Ok, ça  on savait. A chaque fois qu’un guide pour gringos parle d’Allende c’est « le premier président marxiste élu de l’histoire ». J’avais déjà eu l’occasion devant le mémorial du cimetière générale d’assister à cette même scène. Un an plus tôt.
          – Allende a nommé le général Pinochet à son poste. […] le général a offert à Allende de quitter le pouvoir, sans représailles, il lui promettait la vie sauve. Mais Allende s’est entêté et n’a pas accepté l’offre du général.
Premier vomissement. Avec Thomas on se regarde, nous demandant si on a bien compris. Elle continue son speech.
        
         – La torture et les exécutions. Alors oui. Il y a eu des morts. On parle de beaucoup de torturés. Ce que l’on sait c’est que le général ne voulait pas en arriver là. Qu’il a été désobéi par beaucoup de ses commandants […] beaucoup de ses opposants l’on comparé à Hitler…
          – Ooooooooooooooooo (un cri de consternation général de cette noble assemblée de retraités yankees)
         – Mais tout ça est très exagéré. On sait que le général était un homme bon, qui aimait beaucoup sa famille et les enfants.

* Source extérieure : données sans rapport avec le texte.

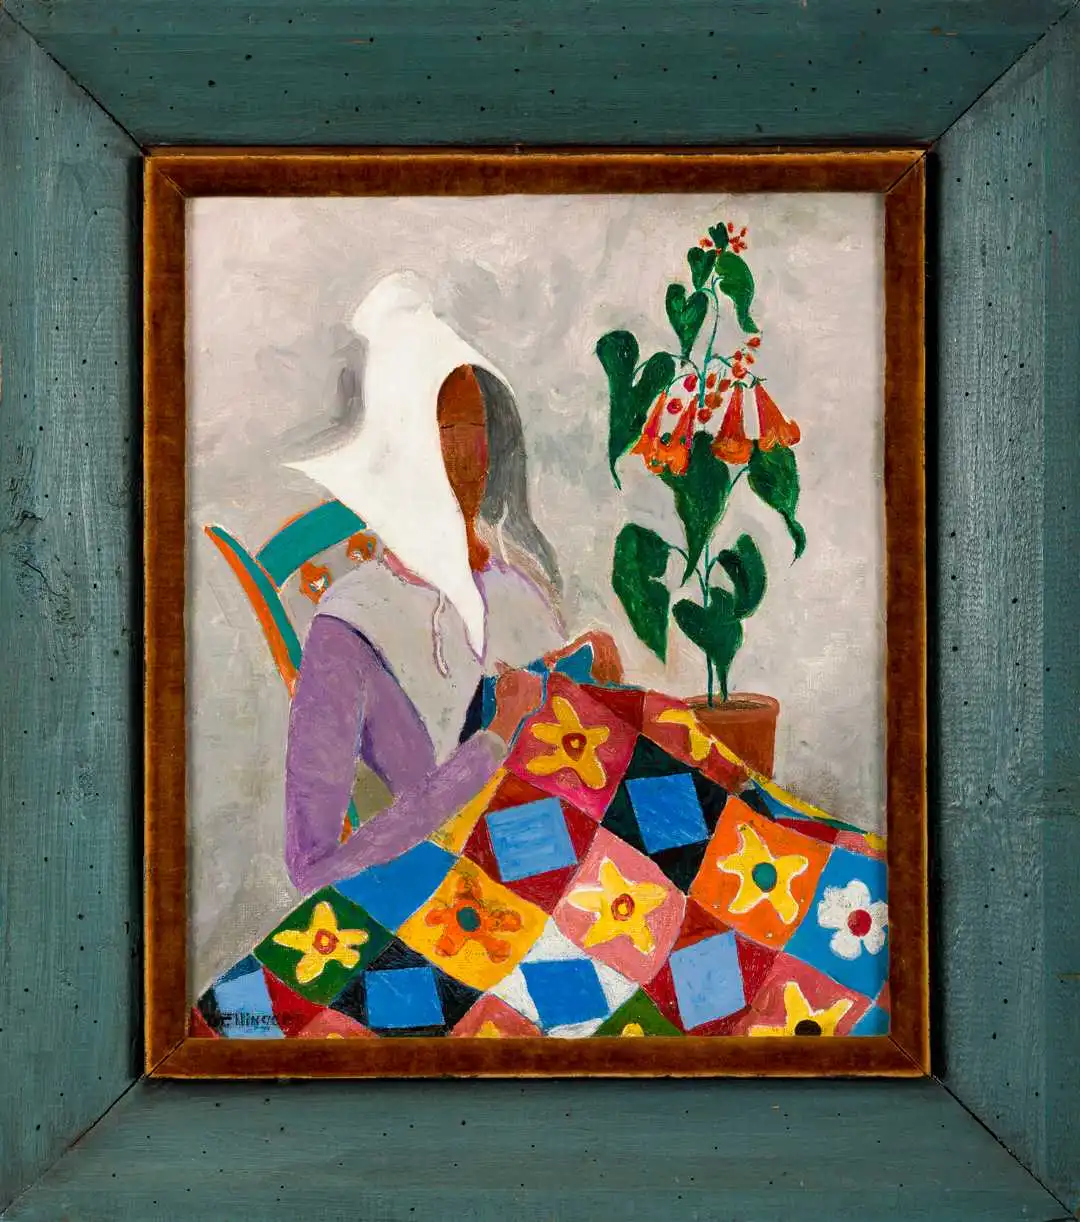 Oil painting of a person in front of a flower plan creating a colorful quilt.

Je re vomis. Mais le pire est dans la fin de cette brillante intervention.
       
         – Alors aujourd’hui il y a une bataille d’experts. Combien de morts ? 2.000 ? 3.000 ? Difficile à dire. (Nb : certains experts parlent de 50.000 dans les premières semaines du coup d’état !) Mais si l’on compare à ce qui s’est passé en Argentine, on peut dire que la répression au Chili a été modérée. Presque 100.000 morts pour 35 millions d’habitants en Argentine contre 3.000 pour 17 millions d’habitants au Chili. On ne peut pas comparer.
De comprendre ce que j’entends et qu’à 2 mètres je vois mes potes, survivants, torturés, dont certains ont eu la moitié de la famille décimée, comme ce jeune homme qui demain va récupérer les crânes de son père, de ses oncles et de son grand père, tous disparus le même jour et dont les corps ont été retrouvés l’année dernière et les têtes cette année… Les vainqueurs ont toujours écrit l’histoire. Aujourd’hui le tourisme de masse impose sa propre vision des événements.  Je crois que c’est après cette réflexion que j’ai vomi pour la dernière fois.